◆ WORK REQUEST:
Nothing outside the stretch is wanted. Repeat exactly the lines of the listing below from the one that contains "PRO PLAN Veterinary" through the one that contains "Beto Carrero World!", both ends included.

◆ STUDY MATERIAL:
--- START ---

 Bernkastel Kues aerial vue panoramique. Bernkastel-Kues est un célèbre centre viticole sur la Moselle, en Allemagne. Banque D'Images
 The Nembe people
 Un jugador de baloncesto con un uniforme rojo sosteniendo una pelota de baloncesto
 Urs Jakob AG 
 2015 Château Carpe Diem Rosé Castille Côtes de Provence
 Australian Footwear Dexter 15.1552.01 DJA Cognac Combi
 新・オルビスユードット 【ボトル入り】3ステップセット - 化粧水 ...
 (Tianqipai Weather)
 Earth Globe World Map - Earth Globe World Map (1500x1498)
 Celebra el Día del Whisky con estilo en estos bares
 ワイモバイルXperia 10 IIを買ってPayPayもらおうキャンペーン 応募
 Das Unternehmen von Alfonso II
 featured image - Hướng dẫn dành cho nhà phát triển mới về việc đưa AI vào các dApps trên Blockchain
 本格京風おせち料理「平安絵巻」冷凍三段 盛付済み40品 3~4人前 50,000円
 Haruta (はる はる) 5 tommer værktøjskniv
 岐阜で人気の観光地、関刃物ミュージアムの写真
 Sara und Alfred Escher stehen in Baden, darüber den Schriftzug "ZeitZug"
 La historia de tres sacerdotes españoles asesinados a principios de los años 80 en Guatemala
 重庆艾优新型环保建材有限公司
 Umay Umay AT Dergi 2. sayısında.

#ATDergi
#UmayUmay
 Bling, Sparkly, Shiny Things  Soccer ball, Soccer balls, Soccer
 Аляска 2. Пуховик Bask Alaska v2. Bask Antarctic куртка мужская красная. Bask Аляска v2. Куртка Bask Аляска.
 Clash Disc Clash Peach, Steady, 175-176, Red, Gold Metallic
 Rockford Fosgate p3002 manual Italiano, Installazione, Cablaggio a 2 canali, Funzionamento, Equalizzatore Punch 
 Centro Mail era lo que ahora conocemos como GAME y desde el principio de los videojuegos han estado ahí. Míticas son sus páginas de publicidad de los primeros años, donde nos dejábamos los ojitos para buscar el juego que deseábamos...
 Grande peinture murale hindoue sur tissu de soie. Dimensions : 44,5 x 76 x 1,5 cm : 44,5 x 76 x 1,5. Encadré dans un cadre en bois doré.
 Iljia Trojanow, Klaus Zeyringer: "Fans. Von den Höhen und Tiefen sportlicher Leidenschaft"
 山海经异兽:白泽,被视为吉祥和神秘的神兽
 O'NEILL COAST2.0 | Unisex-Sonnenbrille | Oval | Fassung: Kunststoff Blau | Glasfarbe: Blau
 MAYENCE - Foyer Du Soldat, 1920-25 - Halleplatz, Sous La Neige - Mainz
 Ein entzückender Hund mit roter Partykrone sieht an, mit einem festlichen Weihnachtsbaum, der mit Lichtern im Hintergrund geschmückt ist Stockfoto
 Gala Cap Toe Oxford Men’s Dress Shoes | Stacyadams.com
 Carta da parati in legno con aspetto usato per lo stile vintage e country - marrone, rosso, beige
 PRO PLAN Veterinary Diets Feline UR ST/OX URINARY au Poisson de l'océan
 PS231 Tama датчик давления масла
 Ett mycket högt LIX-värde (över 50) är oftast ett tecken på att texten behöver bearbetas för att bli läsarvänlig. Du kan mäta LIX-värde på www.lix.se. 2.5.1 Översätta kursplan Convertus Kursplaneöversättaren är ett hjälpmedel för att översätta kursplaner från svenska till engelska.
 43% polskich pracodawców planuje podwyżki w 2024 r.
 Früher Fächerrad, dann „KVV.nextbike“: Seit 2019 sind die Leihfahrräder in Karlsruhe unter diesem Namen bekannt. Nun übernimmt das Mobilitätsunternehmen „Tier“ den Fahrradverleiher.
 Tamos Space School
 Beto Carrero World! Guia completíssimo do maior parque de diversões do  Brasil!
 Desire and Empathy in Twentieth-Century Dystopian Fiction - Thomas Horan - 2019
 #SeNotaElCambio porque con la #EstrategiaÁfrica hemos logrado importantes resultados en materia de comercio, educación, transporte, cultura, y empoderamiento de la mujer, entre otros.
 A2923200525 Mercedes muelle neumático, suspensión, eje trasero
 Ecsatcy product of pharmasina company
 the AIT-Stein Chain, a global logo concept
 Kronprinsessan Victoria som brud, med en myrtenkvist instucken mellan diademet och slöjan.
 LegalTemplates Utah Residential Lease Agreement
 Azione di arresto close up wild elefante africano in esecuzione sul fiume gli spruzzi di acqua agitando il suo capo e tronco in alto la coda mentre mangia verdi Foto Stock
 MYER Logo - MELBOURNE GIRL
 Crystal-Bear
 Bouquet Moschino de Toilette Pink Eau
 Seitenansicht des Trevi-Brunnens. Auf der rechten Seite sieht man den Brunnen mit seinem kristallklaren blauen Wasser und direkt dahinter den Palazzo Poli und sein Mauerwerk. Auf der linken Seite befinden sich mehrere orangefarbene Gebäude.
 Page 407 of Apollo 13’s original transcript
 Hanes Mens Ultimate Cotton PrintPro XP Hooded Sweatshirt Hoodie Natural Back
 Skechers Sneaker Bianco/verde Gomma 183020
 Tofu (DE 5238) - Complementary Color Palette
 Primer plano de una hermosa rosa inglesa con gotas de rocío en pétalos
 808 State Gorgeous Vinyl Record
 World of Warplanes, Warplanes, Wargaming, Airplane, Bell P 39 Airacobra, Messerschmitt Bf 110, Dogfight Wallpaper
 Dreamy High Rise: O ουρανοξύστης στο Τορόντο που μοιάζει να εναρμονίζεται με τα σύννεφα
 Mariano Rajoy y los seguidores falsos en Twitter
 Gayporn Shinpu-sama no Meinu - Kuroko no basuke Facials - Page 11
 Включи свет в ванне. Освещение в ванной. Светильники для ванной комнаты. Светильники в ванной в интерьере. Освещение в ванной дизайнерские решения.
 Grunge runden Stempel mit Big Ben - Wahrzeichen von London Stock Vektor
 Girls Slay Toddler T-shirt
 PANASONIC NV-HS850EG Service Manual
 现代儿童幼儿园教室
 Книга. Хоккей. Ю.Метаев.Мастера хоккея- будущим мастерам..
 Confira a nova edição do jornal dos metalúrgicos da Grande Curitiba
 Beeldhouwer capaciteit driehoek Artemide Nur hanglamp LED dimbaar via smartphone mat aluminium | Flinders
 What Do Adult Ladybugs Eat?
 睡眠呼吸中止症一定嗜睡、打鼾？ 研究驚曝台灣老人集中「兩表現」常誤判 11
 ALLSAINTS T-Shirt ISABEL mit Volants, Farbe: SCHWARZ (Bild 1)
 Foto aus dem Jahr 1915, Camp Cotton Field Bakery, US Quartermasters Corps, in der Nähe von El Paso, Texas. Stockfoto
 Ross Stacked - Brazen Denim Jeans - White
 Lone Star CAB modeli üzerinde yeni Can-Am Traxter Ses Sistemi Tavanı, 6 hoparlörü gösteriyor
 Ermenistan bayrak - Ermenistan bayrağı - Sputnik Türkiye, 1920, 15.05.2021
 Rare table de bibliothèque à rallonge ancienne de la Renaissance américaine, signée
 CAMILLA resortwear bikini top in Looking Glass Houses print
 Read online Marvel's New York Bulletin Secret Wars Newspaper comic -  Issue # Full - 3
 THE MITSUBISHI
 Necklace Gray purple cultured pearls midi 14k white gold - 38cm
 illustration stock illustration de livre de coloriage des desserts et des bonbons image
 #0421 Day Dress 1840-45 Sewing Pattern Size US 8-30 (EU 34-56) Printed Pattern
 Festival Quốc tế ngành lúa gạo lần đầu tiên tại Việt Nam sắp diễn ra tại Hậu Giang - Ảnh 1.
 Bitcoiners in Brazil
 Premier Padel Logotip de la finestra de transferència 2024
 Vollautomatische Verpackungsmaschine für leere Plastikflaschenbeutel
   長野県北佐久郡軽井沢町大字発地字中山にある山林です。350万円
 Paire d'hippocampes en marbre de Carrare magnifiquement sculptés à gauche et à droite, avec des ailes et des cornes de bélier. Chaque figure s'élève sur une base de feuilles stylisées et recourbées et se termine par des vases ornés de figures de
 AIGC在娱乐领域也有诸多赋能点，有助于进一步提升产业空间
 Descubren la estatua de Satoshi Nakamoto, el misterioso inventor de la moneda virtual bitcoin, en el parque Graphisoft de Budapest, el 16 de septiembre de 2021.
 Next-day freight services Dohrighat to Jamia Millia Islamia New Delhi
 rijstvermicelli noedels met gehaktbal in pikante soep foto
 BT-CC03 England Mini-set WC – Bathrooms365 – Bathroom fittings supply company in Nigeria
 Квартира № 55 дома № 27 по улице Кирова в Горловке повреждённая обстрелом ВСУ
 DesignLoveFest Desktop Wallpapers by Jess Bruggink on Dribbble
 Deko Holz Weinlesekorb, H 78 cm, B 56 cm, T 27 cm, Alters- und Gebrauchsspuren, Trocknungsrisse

--- END ---

◆ TASK OUTPUT:
 PRO PLAN Veterinary Diets Feline UR ST/OX URINARY au Poisson de l'océan
 PS231 Tama датчик давления масла
 Ett mycket högt LIX-värde (över 50) är oftast ett tecken på att texten behöver bearbetas för att bli läsarvänlig. Du kan mäta LIX-värde på www.lix.se. 2.5.1 Översätta kursplan Convertus Kursplaneöversättaren är ett hjälpmedel för att översätta kursplaner från svenska till engelska.
 43% polskich pracodawców planuje podwyżki w 2024 r.
 Früher Fächerrad, dann „KVV.nextbike“: Seit 2019 sind die Leihfahrräder in Karlsruhe unter diesem Namen bekannt. Nun übernimmt das Mobilitätsunternehmen „Tier“ den Fahrradverleiher.
 Tamos Space School
 Beto Carrero World! Guia completíssimo do maior parque de diversões do  Brasil!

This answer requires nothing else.